Very popular in itty-bitty schools and ran on any DOS compatible
network.  It used a network database manager by Peter Gulutzan called
Ocelot.  There was a follow-on product called Ocelet2 - The SQL, but CLS
never used it.  It was a pretty good non-MARC system, but MARC was never
cleanly implemented.  It had Acq and Serials modules, but heh, Orcs,
Goblins and Morder again - they were unusable, but sold and used
nonetheless.  The trick here was the follow-on system for Windows never
materialized, because the library product was yoked to a larger
development effort to create a common database platform for school
administration, testing and libraries.  It took 4+ years and $20 million
dollars to decide on a RDBMS, leaving only 6 months to design, test,
document, code and deliver a half-dozen, interrelated, enterprise
products for schools.  Guess what, it didn't work.  CASPR was left to
pick up the pieces.

All these products and their companies are gone, gone, gone.  I know
about them because I lived with these things for close to 10 years, and
this is just the tip of the iceberg.  I did the first 10 migrations from
INLEX/3000 and other systems to Taos; out of respect for the many, many
friends I have who pushed that rock up hill, I'll say "'nuff said."

Aside from their obvious (and not so obvious) flaws of these products,
they all allowed people to find stuff in libraries.  They all checked
things in and out.  They all had some semblance of reports.  And all
were, eventually, cast aside.  My point is we can't a) discuss the next
generation catalog in a vacuum.  Who does it serve?  How long will it
live?  Is it worth expanding or should we just re-write new products
from scrap every 5 years either because a) we can't deliver working
product on time or b) the world has change so much that no amount of
wishful thinking will expand a product beyond its original design scope?
You could call a product "Circus Monkey 3000" and make it out of cans
and string, as long as you can deliver attractive, working product, that
demonstrably solves a problem, that people can actually USE.  I am
becoming less and less interested in the insides of this stuff.  Having
seen the sausage made, I find I don't want any more.

Lets keep the focus on user needs in changing markets, where libraries
are reacting to technological change just like we, as individuals, do.
Tired of reacting?  Then we have to PAY to be innovators and pay keen
attention to the real drivers to technological change in our industry
and the world-over.

Mark
-----------------
Mark Andrews, MLS
Systems Librarian
DoIT Academic and eLearning Technologies
L 32 Reinert Memorial Alumni Library
402.280.3065
mja30807_at_creighton.edu
AIM: mja30807
-----------------

> I also pointed out, without detail, that the trivial data
> normalization I applied might not be the best relational database
> architecture.  Simply it will not scale.  This doesn't mean, as you
> suggest, that a relational database is an inappropriate standard to
> use.  For example, OCLC's WorldCat uses the Oracle relational database
which comprises 60+ million records.
> Proper database architecture can go a long way...

But do you know how much of its inner workings are RDB and how much is
proprietary code piled on top of it?
The Pica software, dominant in Europe, also uses an RDBS, but not for
searching.
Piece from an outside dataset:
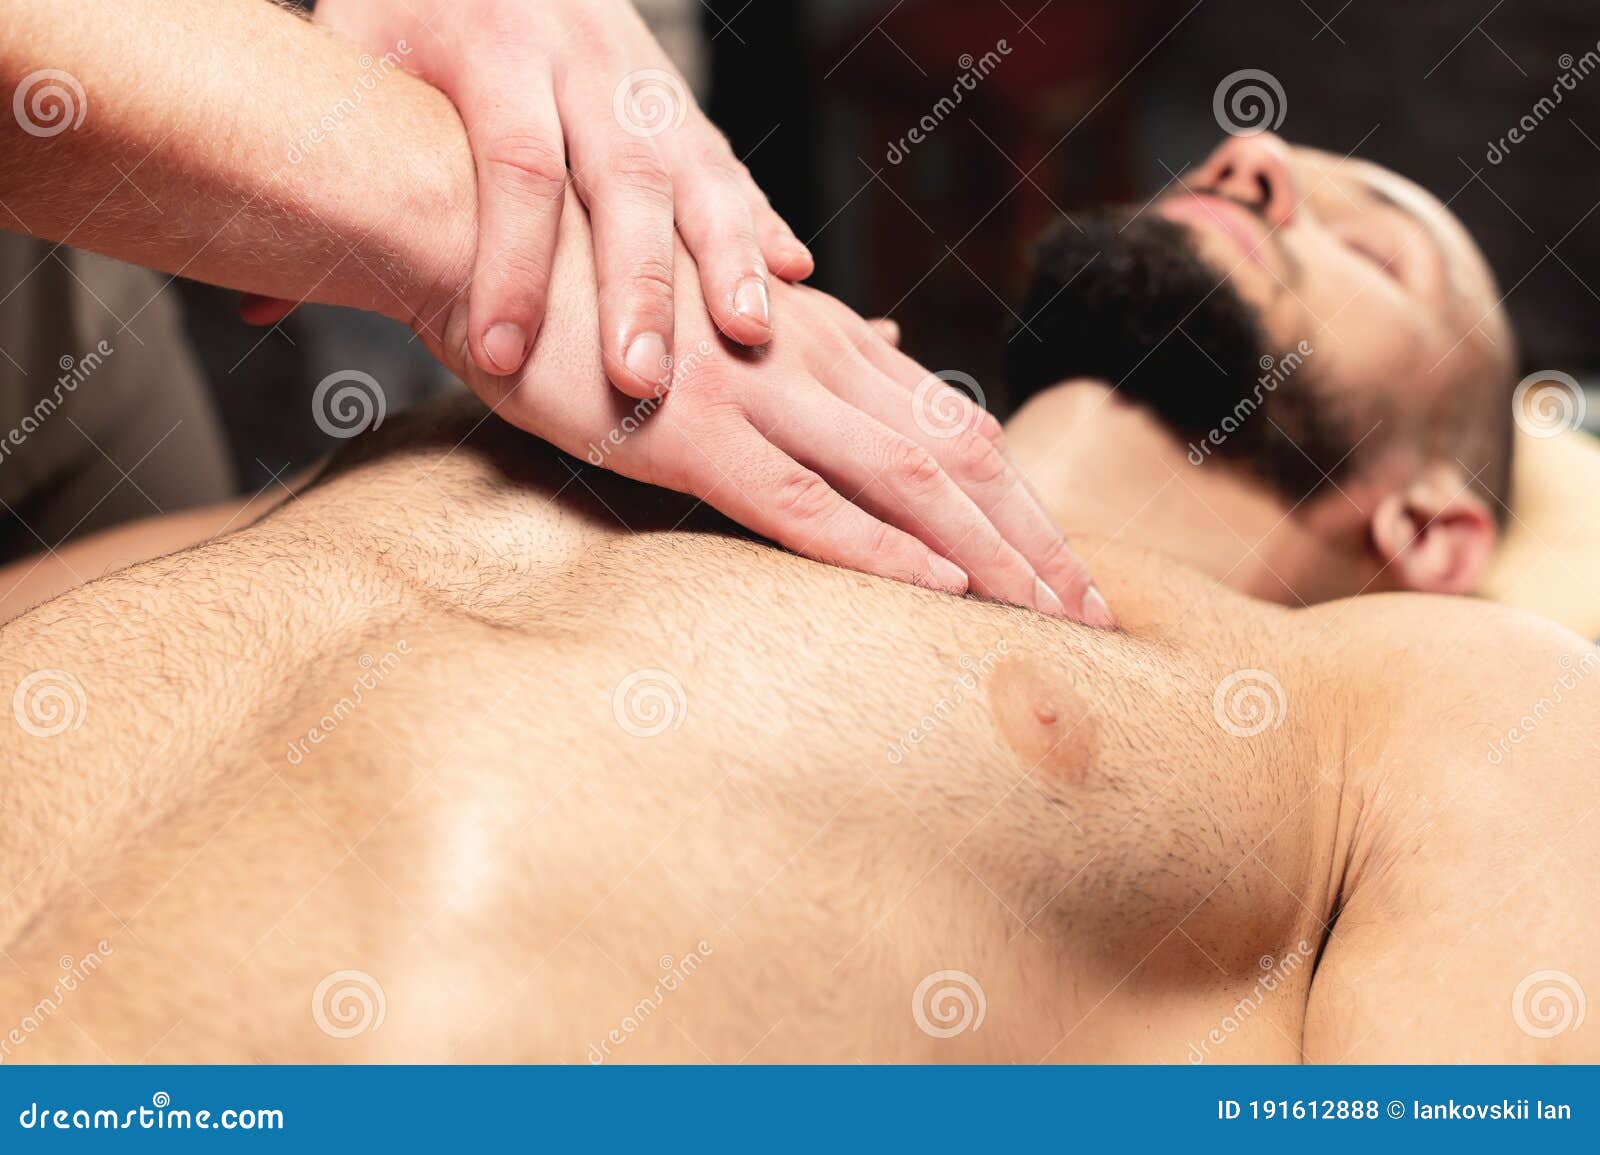 Видео жена делает массаж мужу. Мужской спортивный массаж. Спортивный массаж парень парню. Массаж мужской груди. Массаж спортивный для мужчин.

It just uses the engine for storing records as long strings,
no attempt at tabulation of bib data. All manipulation is done by
non-SQL code, and for searching, there is some extra software
altogether. So in that case, to say they are using SQL doesn't mean a
lot.

It needs to be made clear, IOW, for what kind of tasks SQL is to be
preferred and for which it is inappropriate. As you indicate, some
operations just won't scale, most notably joins.
It needs to be shown, in yet other words, for what tasks we may not now
find appropriate standard software or off-the-shelf tools.